Токонома — чуть приподнятая над полом ниша в японском доме, где обитает красота. Такие ниши обязательно существуют и в частных жилищах, и в гостиницах японского стиля. Там помещаются ваза с цветами, статуэтка. Там же обычно висит картина — какой-нибудь пейзаж на узком сверху вниз развернутом свитке. Или — каллиграфически выполненное изречение. Или — строка из старинного стихотворения. И если бумага пожелтеет от времени, если проступят на ней разводы от сырости, если выцветет часть рисунка, — хозяин и не подумает заменить ее новой. Пишет все тот же Танидзаки:
«Вешая картину-панно, мы прежде всего обращаем внимание на то, гармонирует ли она с общим тоном ниши и стен… Чем же именно гармонирует с комнатой такое панно, само по себе не обладающее особенными достоинствами? Элементом гармонии является всегда «цвет давности», которым отмечены фон картины, цвет туши и измятость окантовки. «Цвет давности» поддерживает соответствующий баланс с темнотою ниши или комнаты. Когда мы посещаем знаменитые храмы Киото или Нара, нам показывают сокровища этих храмов — панно, висящие в глубоких нишах их больших аудиторий. Очень часто в этих нишах даже днем царит полумрак, мешающий разглядеть рисунок панно, и, лишь слушая объяснения гида, по полустертым следам туши представляешь себе, как прекрасна была картина панно.

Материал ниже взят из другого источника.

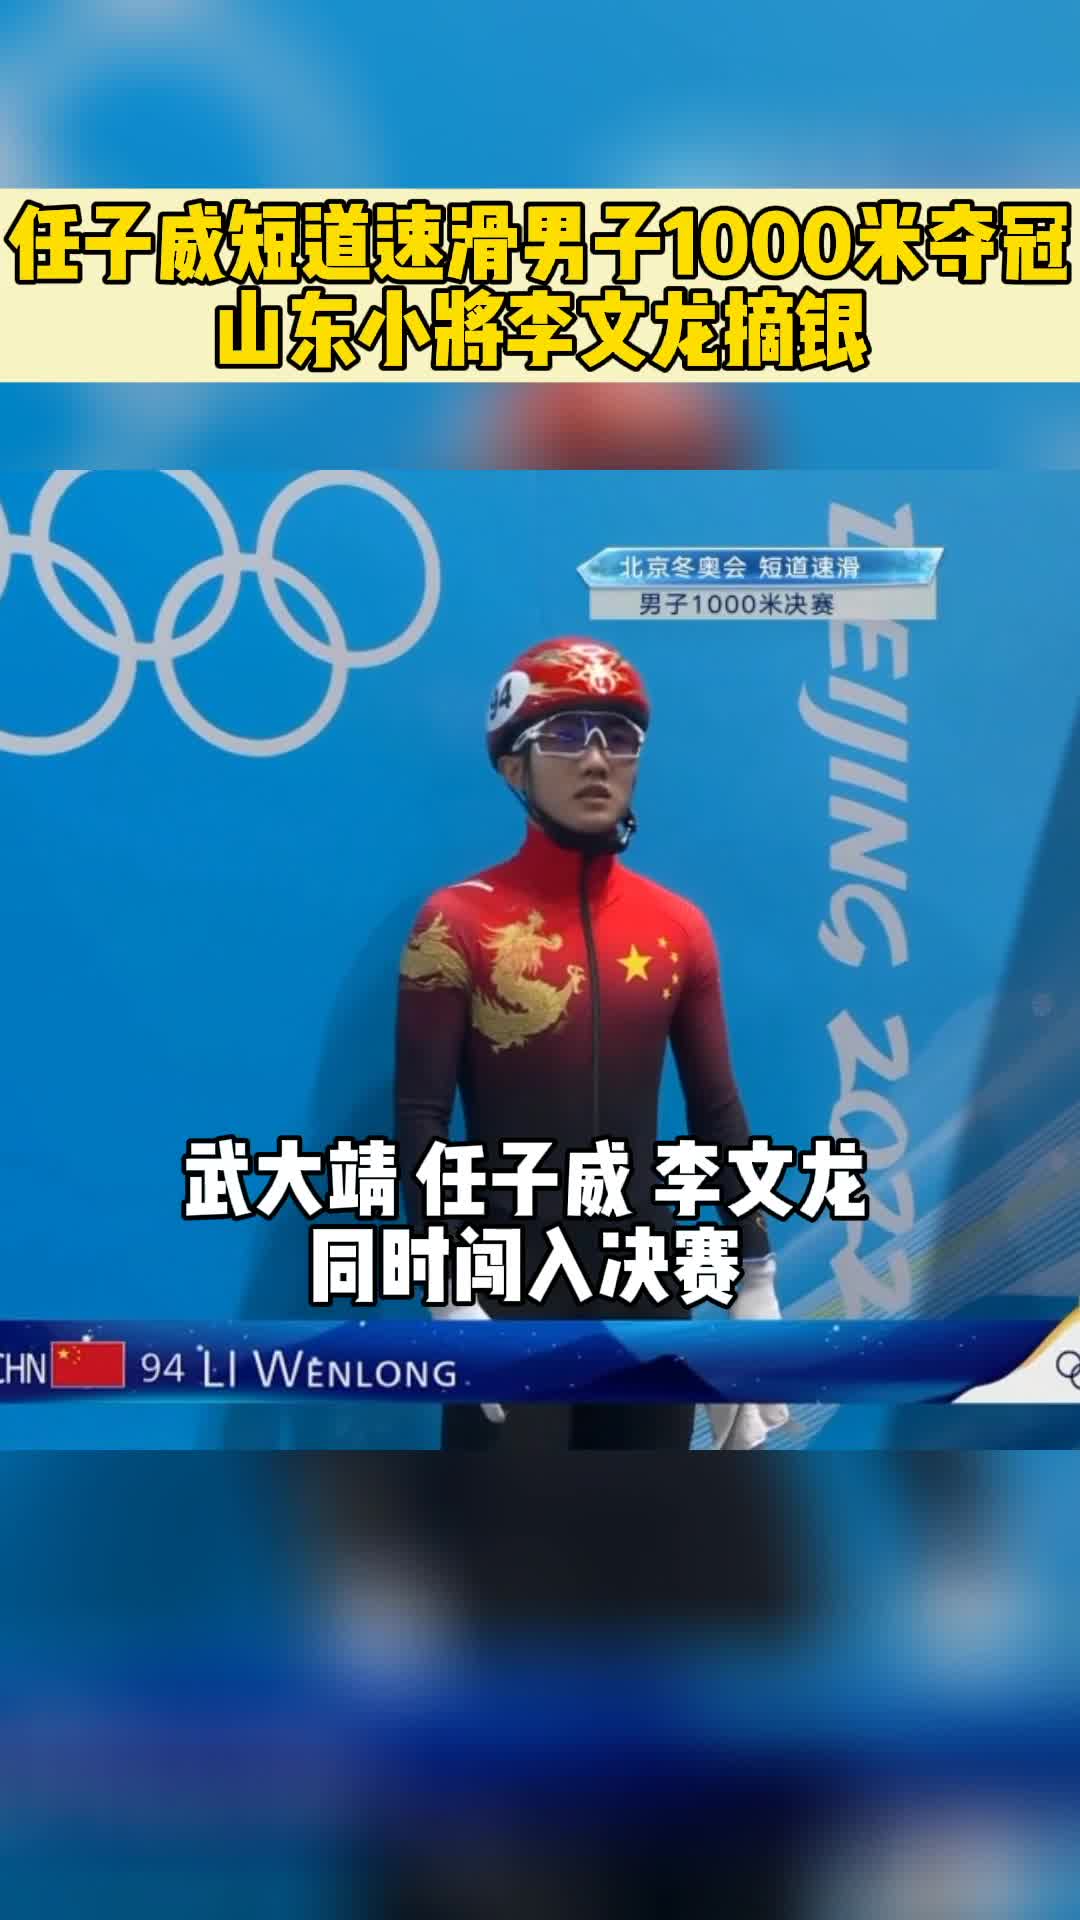 视频直击丨任子威夺短道速滑男子1000米金牌 山东小将李文龙摘银

И то, что время наложило свою руку на эту старинную картину, совсем не мешает целостности ее гармонии с полутемной нишей, даже наоборот: как раз сама неясность картины и дает это прекрасное сочетание… Картины новые, будут ли они написаны тушью или же исполнены в бледных тонах акварелью — безразлично, при неудачном выборе могут только испортить теневой эффект ниши…»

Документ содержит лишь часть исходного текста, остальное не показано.